● Aim of the task
When a line of the records contains "with", copy it.

—————

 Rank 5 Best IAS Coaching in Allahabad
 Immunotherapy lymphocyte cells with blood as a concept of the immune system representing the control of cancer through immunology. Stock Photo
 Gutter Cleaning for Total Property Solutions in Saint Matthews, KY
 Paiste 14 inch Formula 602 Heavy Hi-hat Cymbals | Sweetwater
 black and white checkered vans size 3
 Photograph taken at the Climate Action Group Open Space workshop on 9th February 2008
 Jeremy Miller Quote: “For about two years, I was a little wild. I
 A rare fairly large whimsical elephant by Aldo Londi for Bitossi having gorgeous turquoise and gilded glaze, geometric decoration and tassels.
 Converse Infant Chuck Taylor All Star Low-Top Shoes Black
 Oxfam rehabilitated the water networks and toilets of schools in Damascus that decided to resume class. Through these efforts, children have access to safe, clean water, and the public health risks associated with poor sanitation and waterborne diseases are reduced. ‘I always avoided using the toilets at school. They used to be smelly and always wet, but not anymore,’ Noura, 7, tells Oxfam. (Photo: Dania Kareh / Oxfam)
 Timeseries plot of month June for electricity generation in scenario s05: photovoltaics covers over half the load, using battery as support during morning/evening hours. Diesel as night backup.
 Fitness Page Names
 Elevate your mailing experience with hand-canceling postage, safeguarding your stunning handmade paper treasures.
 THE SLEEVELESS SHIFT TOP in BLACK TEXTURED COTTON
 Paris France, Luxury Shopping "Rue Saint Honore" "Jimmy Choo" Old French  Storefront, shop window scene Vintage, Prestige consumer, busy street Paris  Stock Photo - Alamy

—————

● Task output
 Immunotherapy lymphocyte cells with blood as a concept of the immune system representing the control of cancer through immunology. Stock Photo
 Oxfam rehabilitated the water networks and toilets of schools in Damascus that decided to resume class. Through these efforts, children have access to safe, clean water, and the public health risks associated with poor sanitation and waterborne diseases are reduced. ‘I always avoided using the toilets at school. They used to be smelly and always wet, but not anymore,’ Noura, 7, tells Oxfam. (Photo: Dania Kareh / Oxfam)
 Elevate your mailing experience with hand-canceling postage, safeguarding your stunning handmade paper treasures.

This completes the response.